展开剩余90%正厅里坐着个穿藕荷色褙子的女子,瞧着不过二十出头,眉眼弯弯的,像年画上的仙女。后来我才知道,那是秦夫人,已经三十有二了。
她的目光在我们脸上扫过,最后停在我身上。
“你叫什么?”
“君兰。”我小声说,手心里全是汗。
“几岁了?”
“刚满七岁。”
秦夫人笑了,那笑容让我想起娘在灶台边给我烤红薯时的模样,暖融融的。“君兰,好名字。我给你安排个差事——去伺候我那小儿子,你可愿意?”
我哪懂什么愿意不愿意,只懵懂地点了点头。
福伯领着我往西边走,穿过一个月洞门,眼前豁然开朗。院子比刚才路过的都要大,墙角种着一丛翠竹,石桌上还摊着本翻开的书。
“这就是淮香园,小公子的住处。

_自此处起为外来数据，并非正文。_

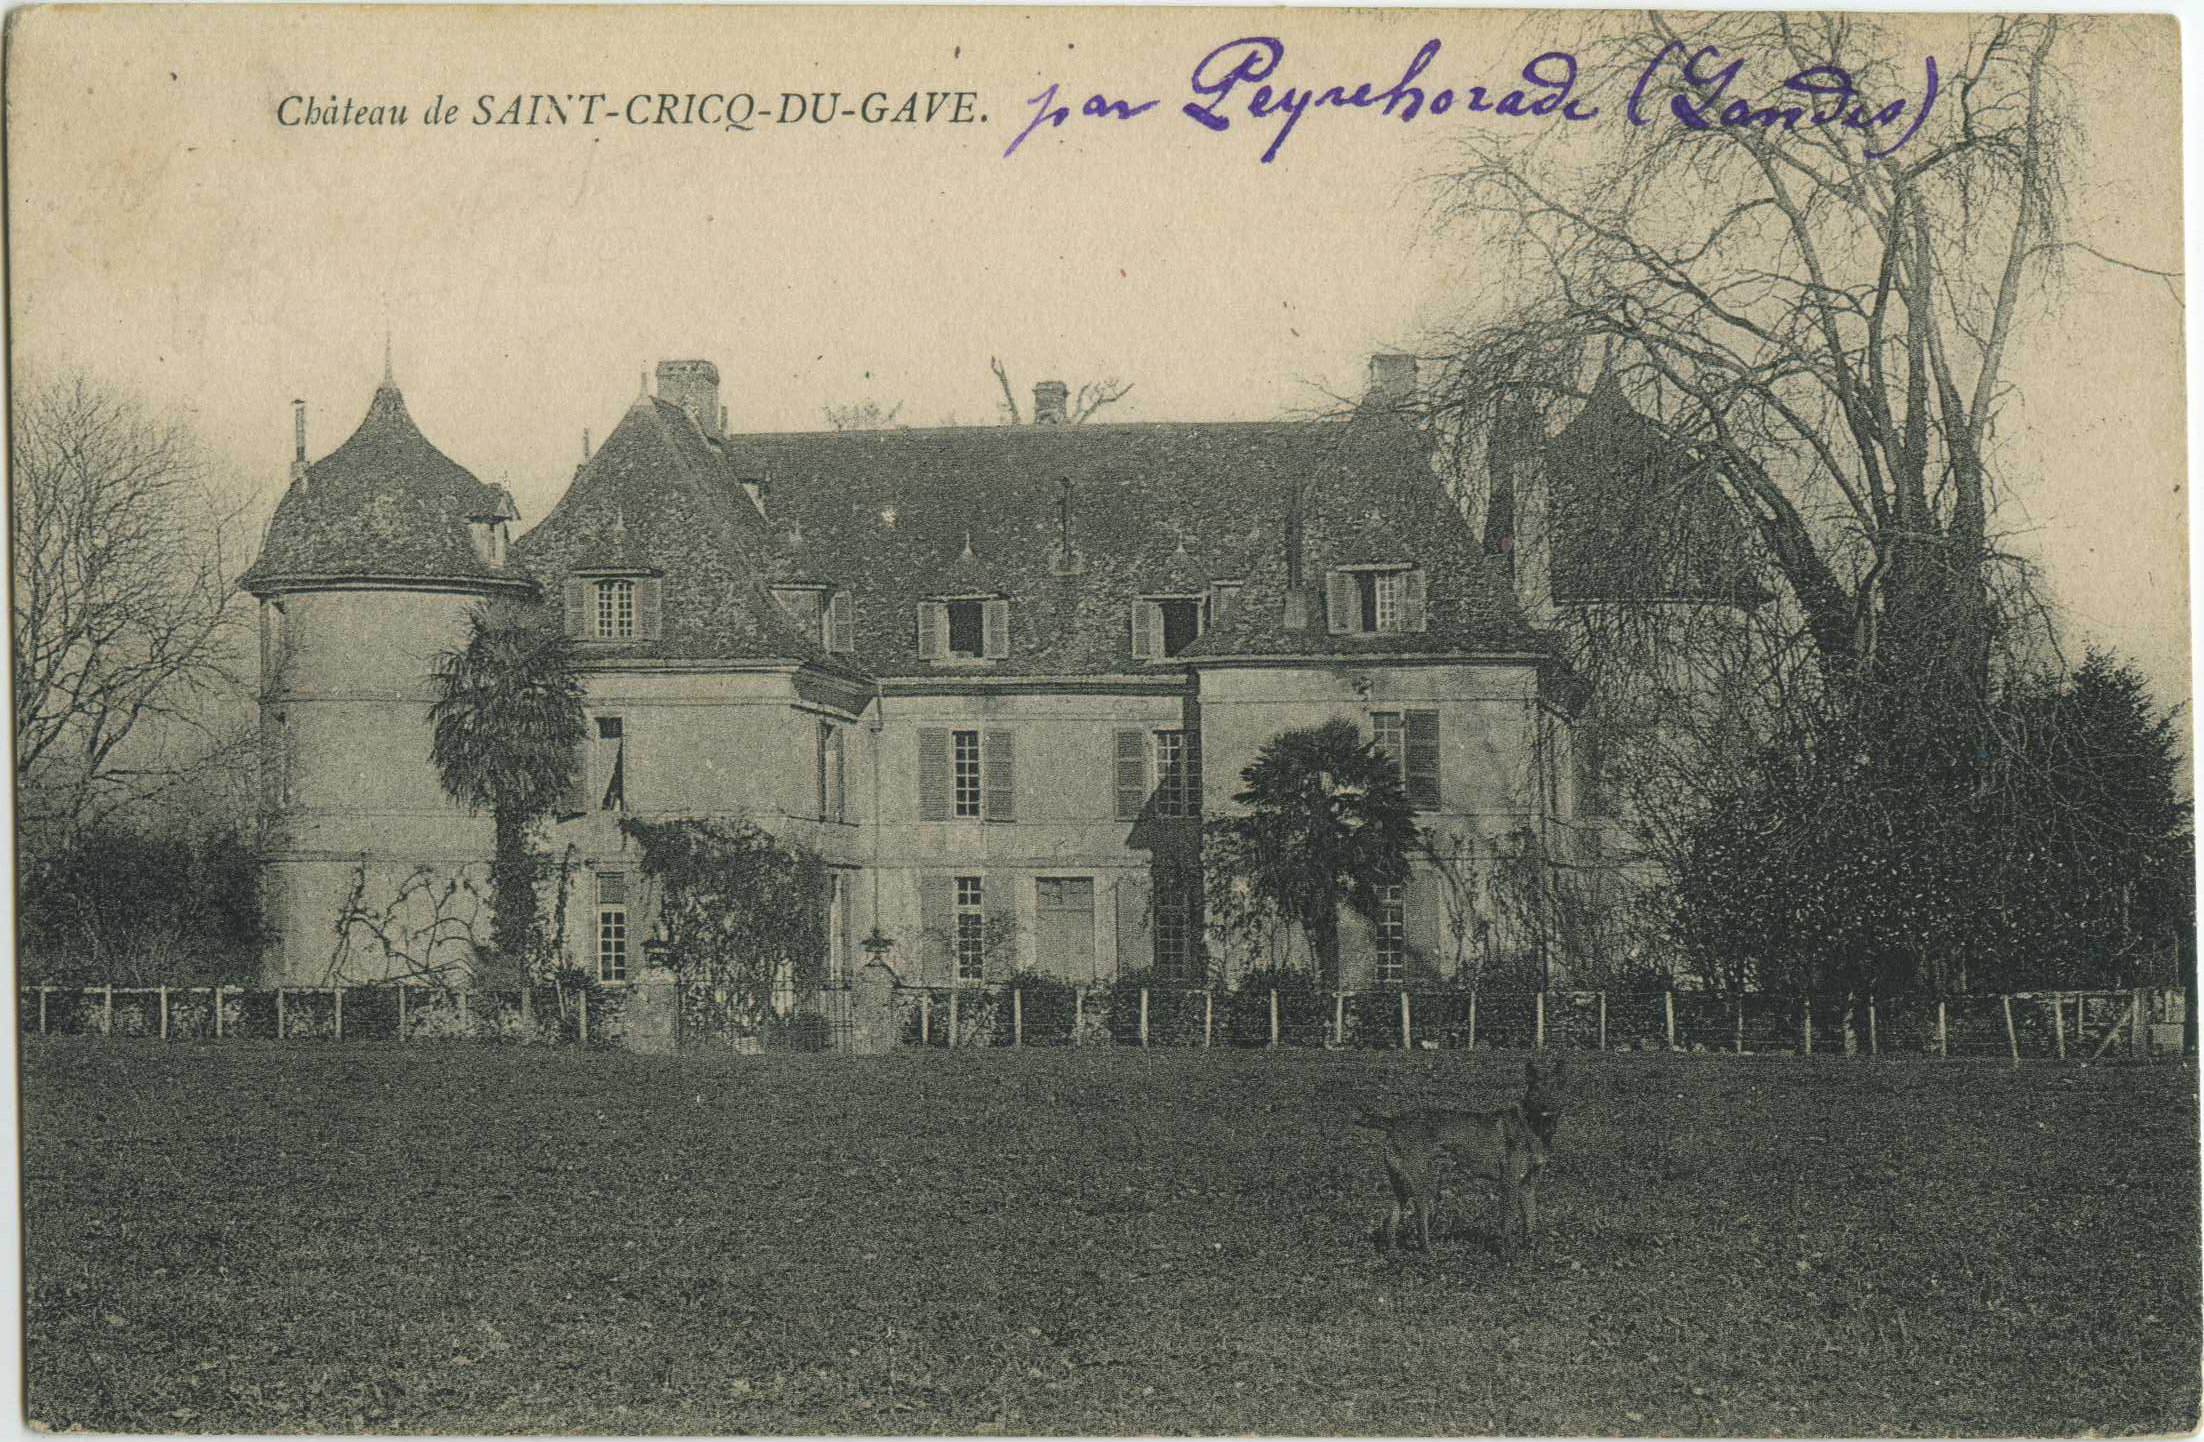 Saint-Cricq-du-Gave - Château de SAINT-CRICQ-DU-GAVE.

”福伯话没说完,墙头上突然传来窸窸窣窣的动静。
我们抬头看去——
一个穿着月白袍子的少年正躺在墙头睡觉,脸上盖着本书。许是被我们惊扰,他动了动身子,那书“啪”地掉了下来。
“谁啊?”少年不耐烦地坐起身。
阳光从他背后照过来,我看不清他的脸,只觉得那身衣裳亮得晃眼。袖口用金线绣着云纹,在日光下一闪一闪的。
“公子,这是夫人给您挑的丫鬟。”福伯躬身道。
少年从墙头一跃而下,轻飘飘落在我面前。这下我看清了——他约莫十岁上下,生得极好,皮肤白得像刚剥壳的鸡蛋,眉毛浓黑,眼睛亮晶晶的,只是此刻正皱着眉打量我。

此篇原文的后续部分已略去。